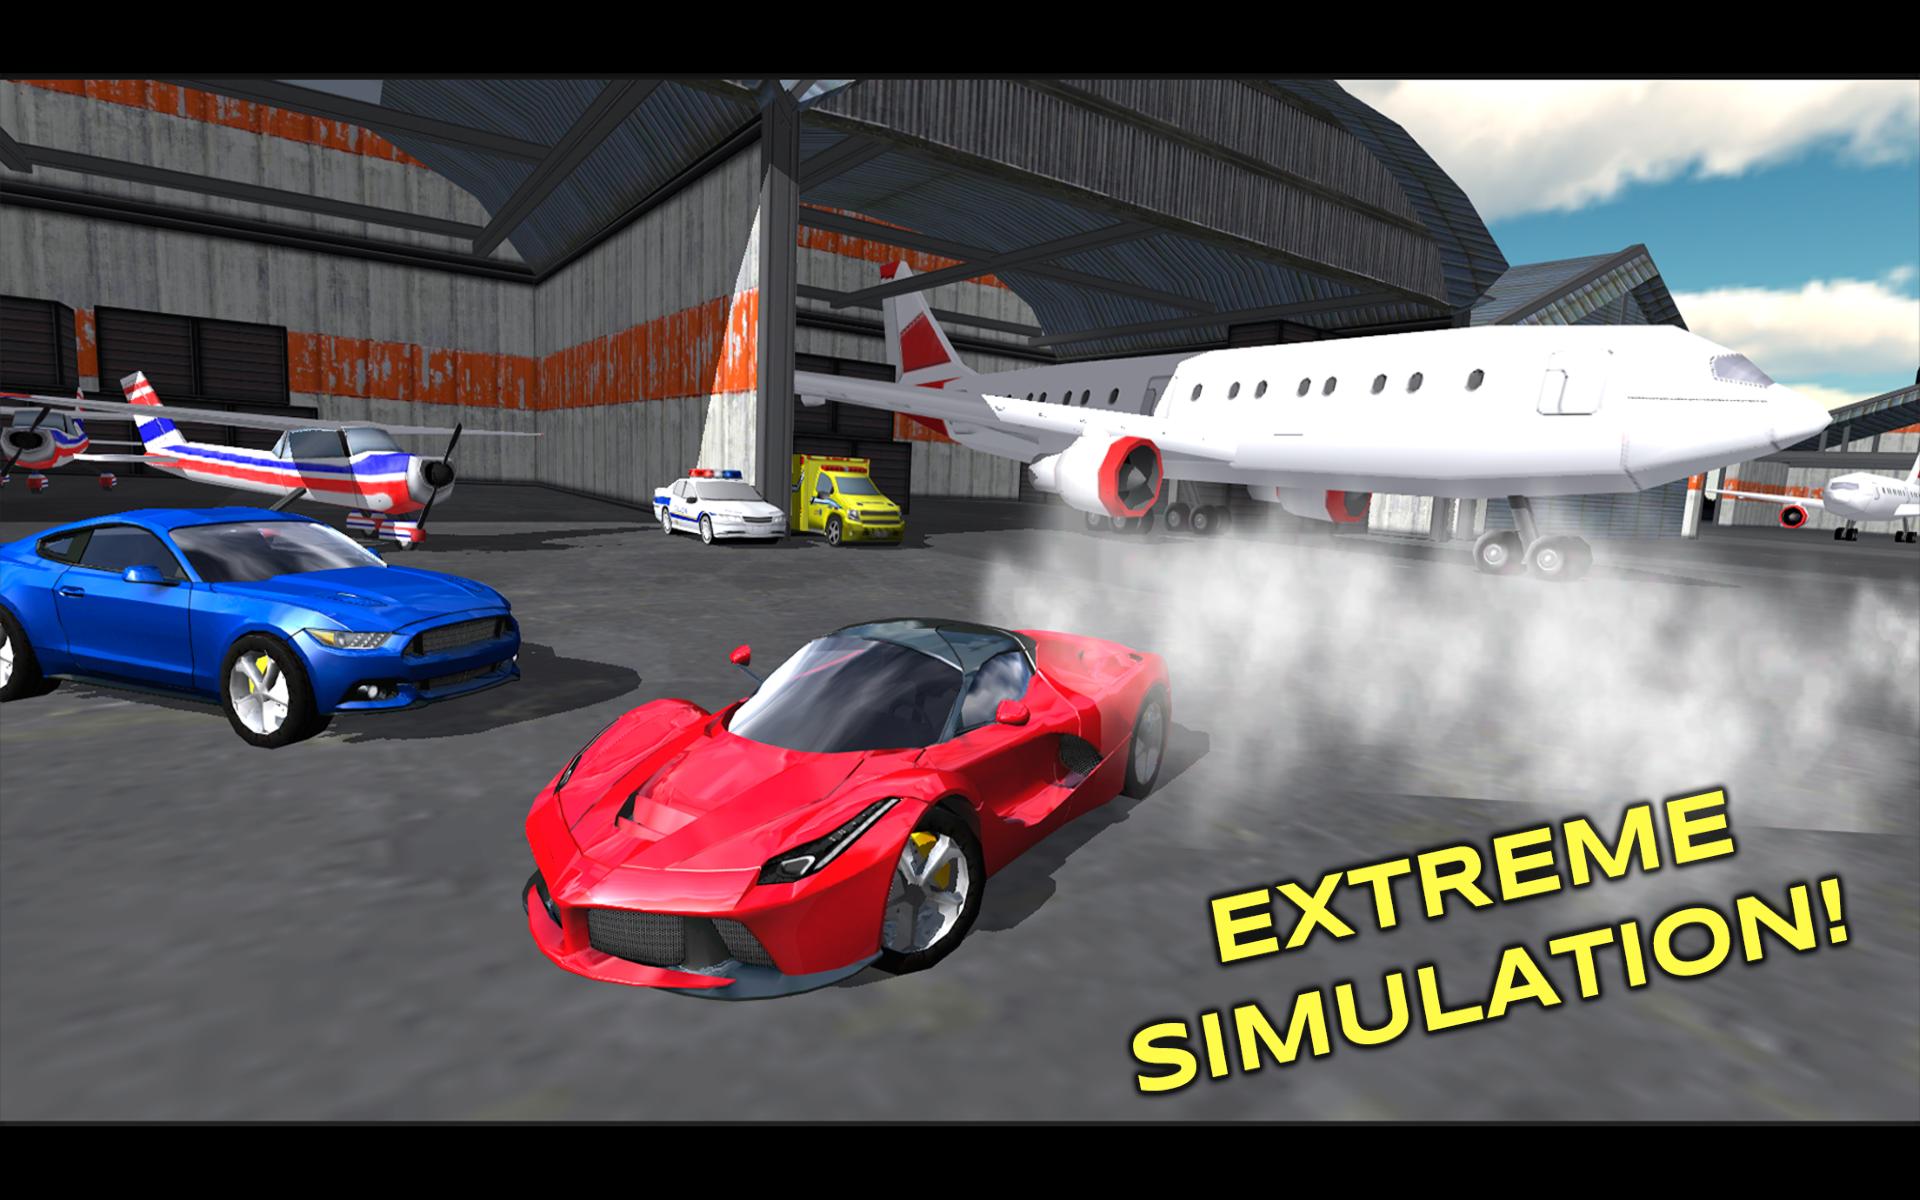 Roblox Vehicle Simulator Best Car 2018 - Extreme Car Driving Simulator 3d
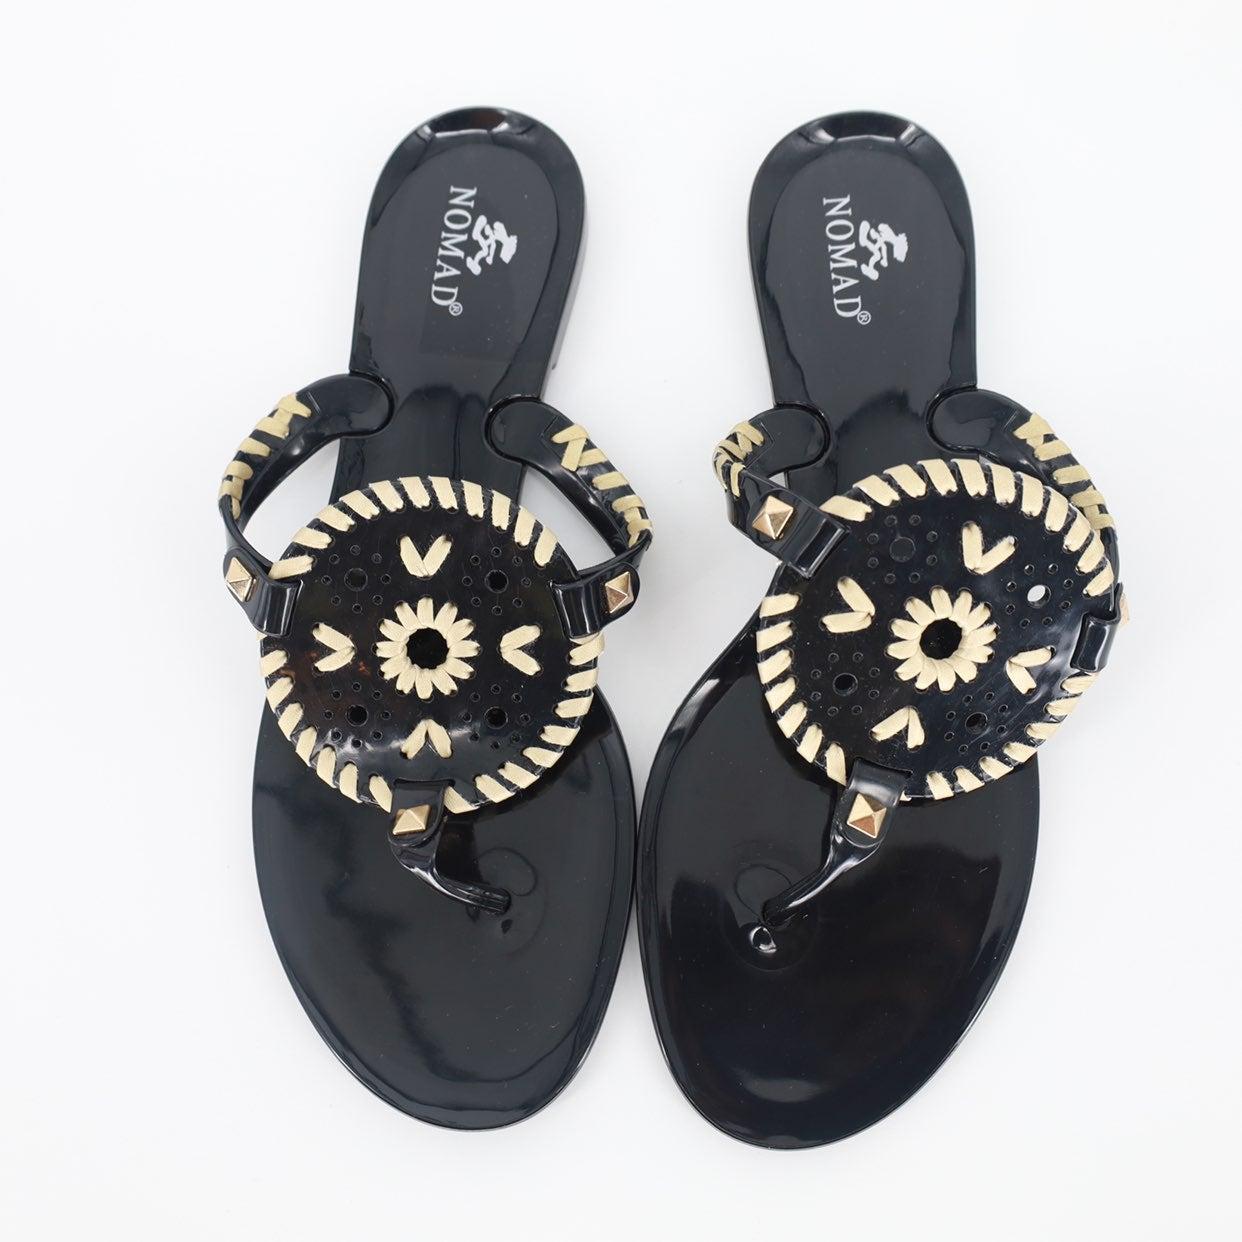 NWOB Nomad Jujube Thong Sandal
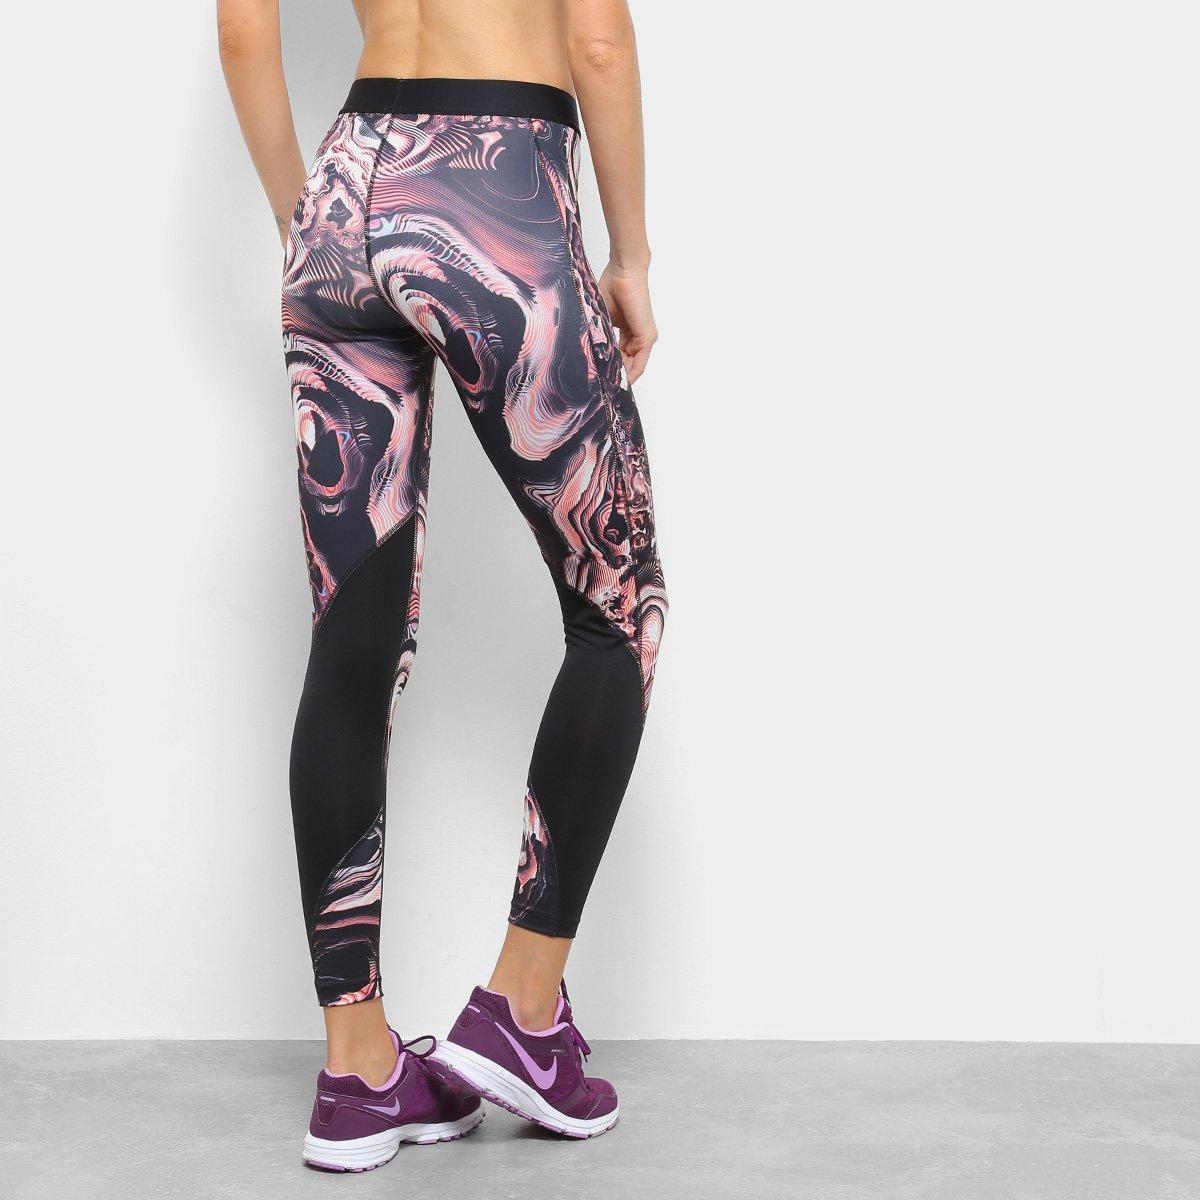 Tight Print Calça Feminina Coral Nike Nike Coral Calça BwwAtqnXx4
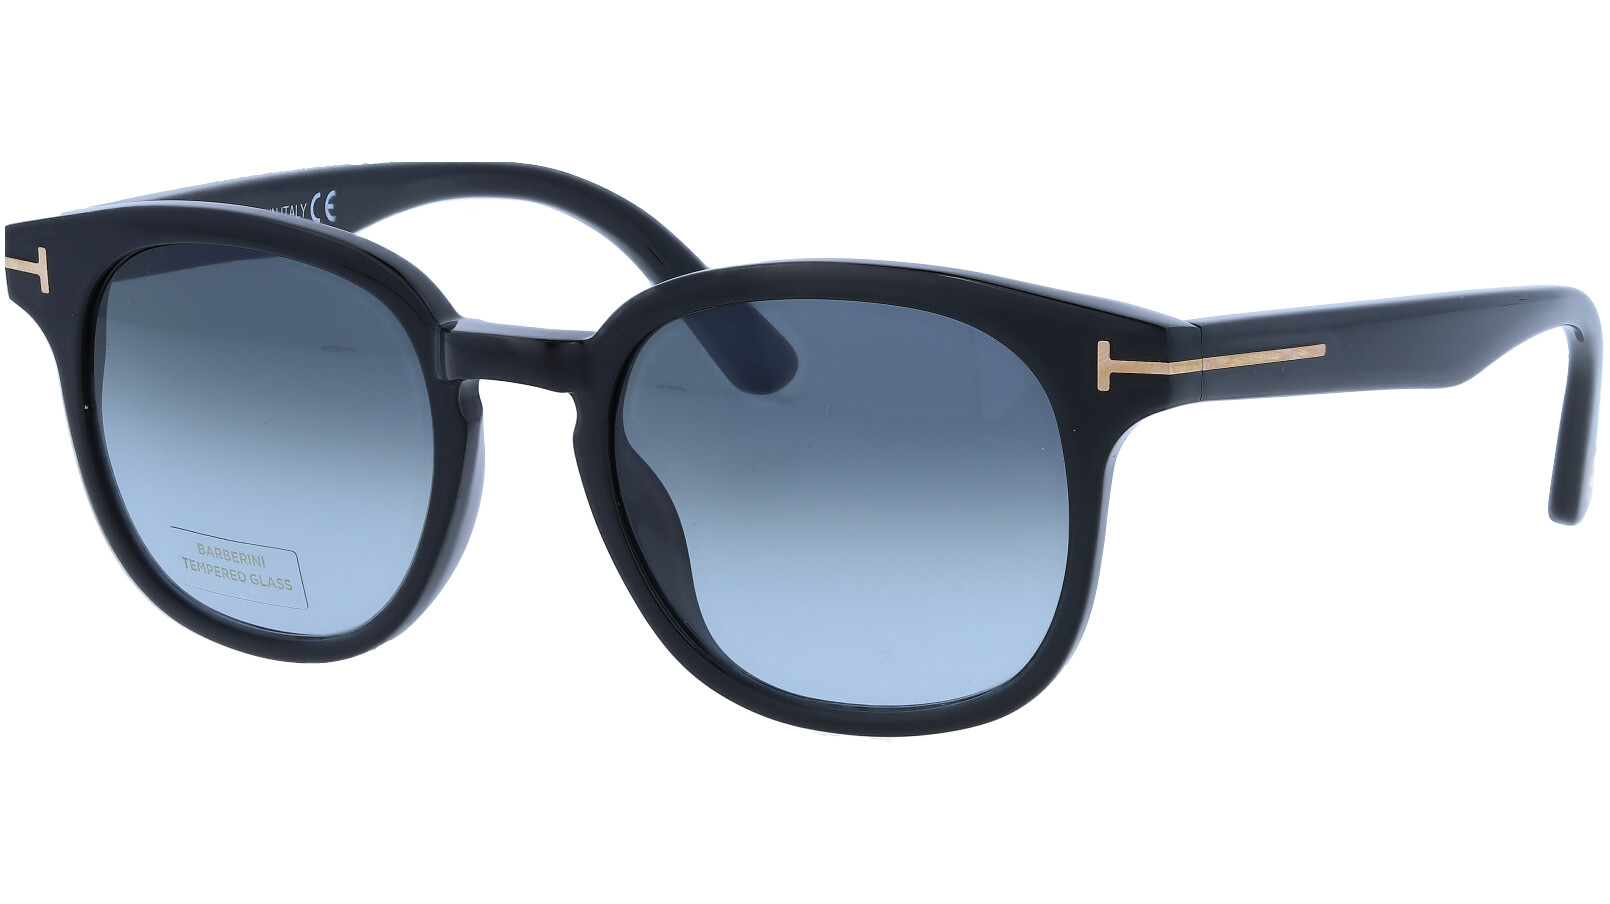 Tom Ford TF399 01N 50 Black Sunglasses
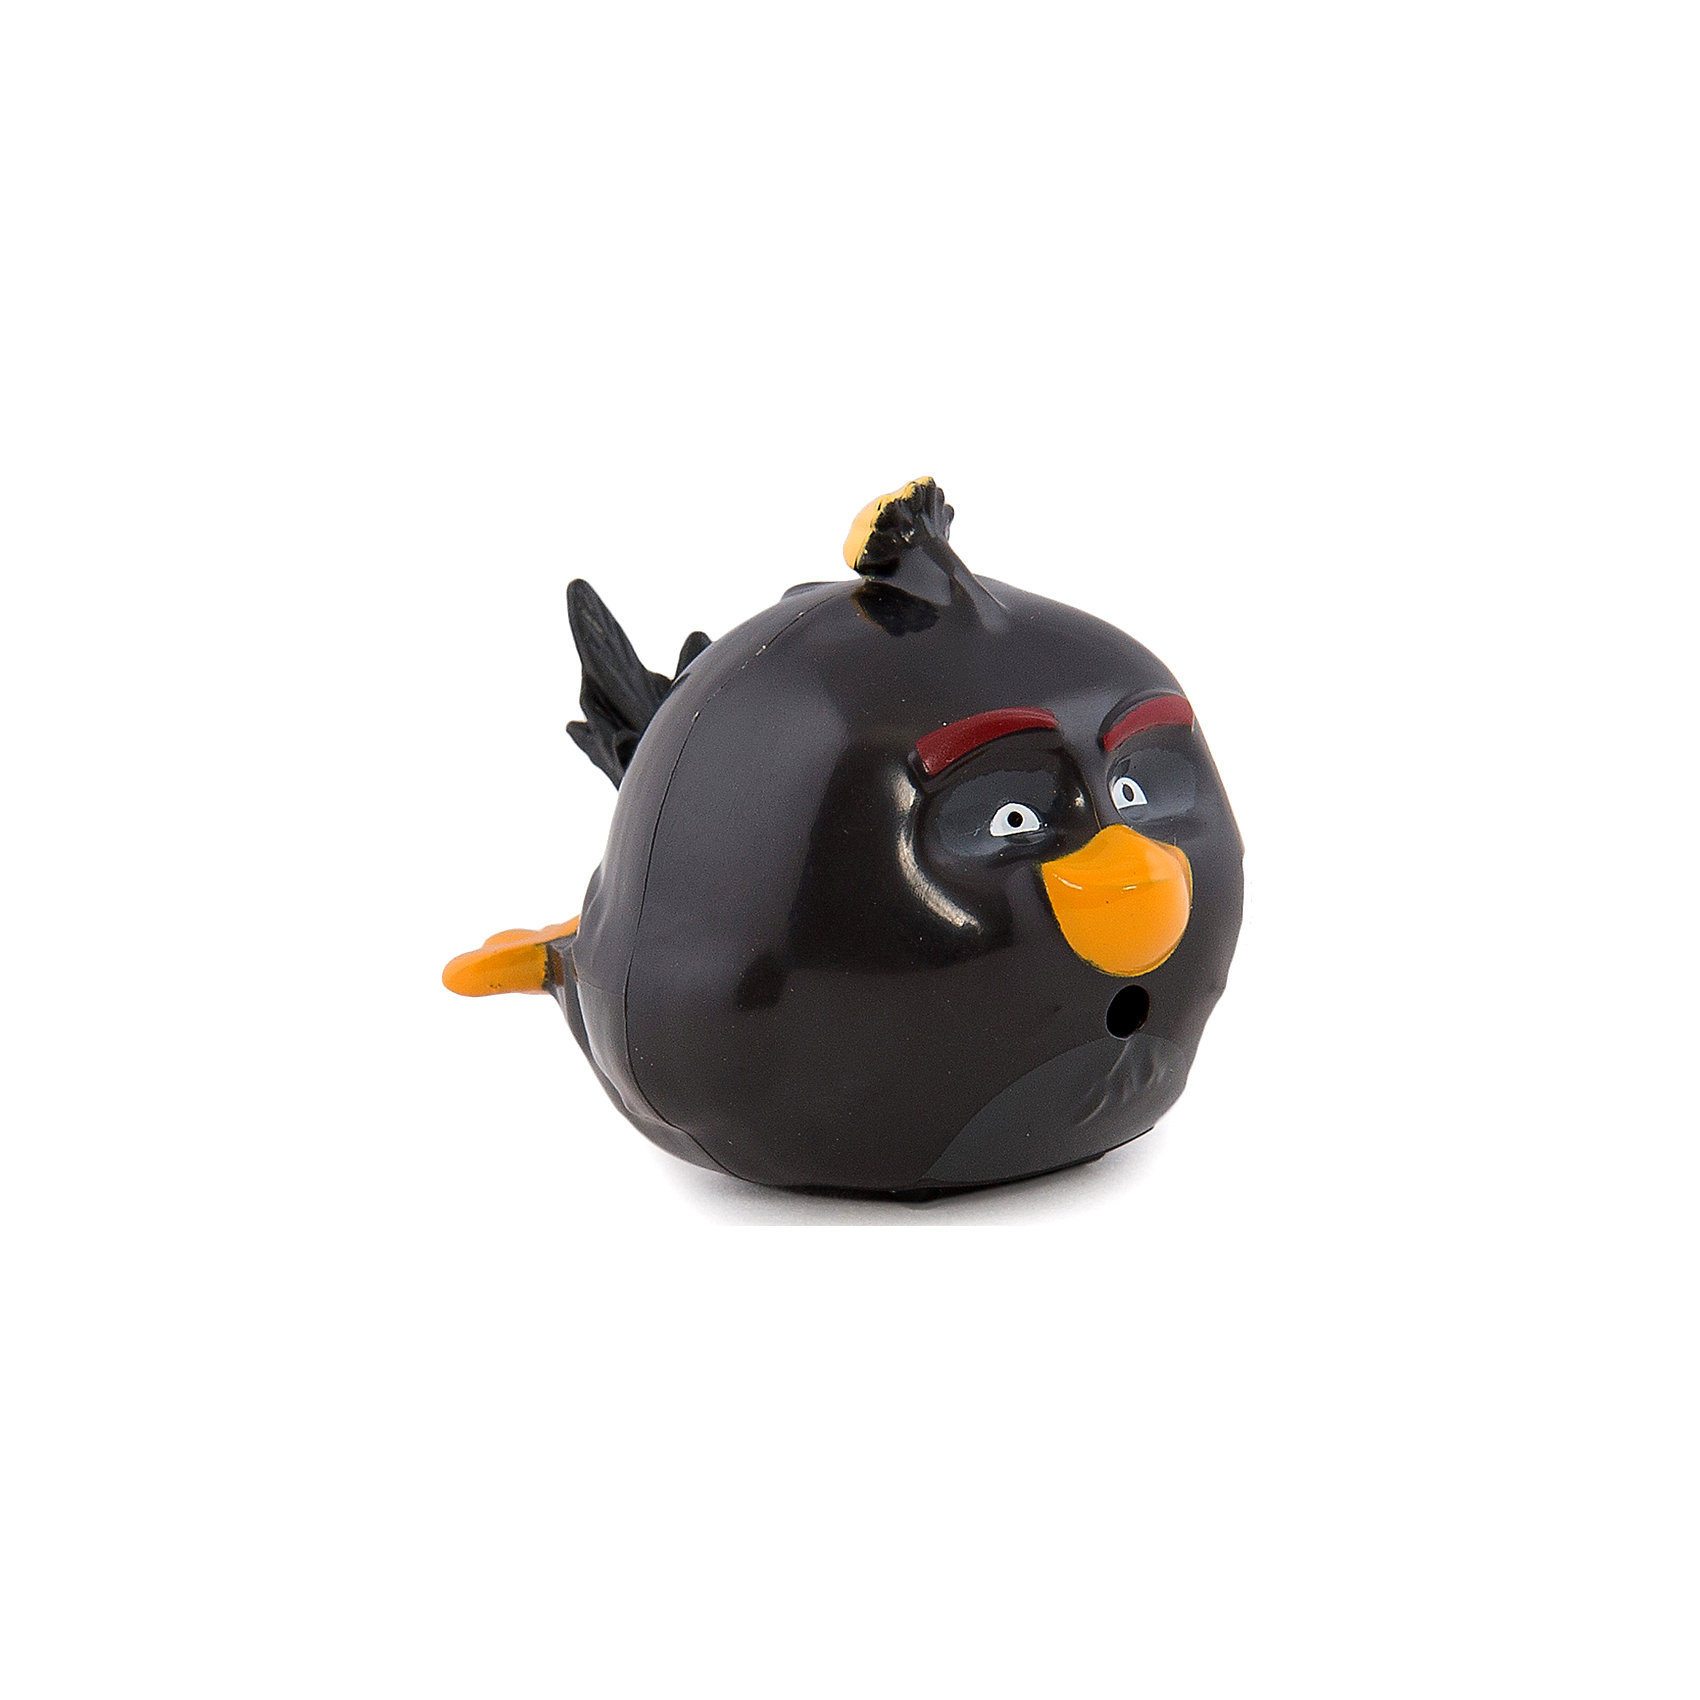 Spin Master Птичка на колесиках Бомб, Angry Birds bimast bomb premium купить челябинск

◆ THE TASK: Repeat the listing above word for word. Do not include the pictures.

◆ WRITTEN ANSWER:
 Roblox Vehicle Simulator Best Car 2018 - Extreme Car Driving Simulator 3d
 NWOB Nomad Jujube Thong Sandal
 Tight Print Calça Feminina Coral Nike Nike Coral Calça BwwAtqnXx4
 Tom Ford TF399 01N 50 Black Sunglasses
 Spin Master Птичка на колесиках Бомб, Angry Birds bimast bomb premium купить челябинск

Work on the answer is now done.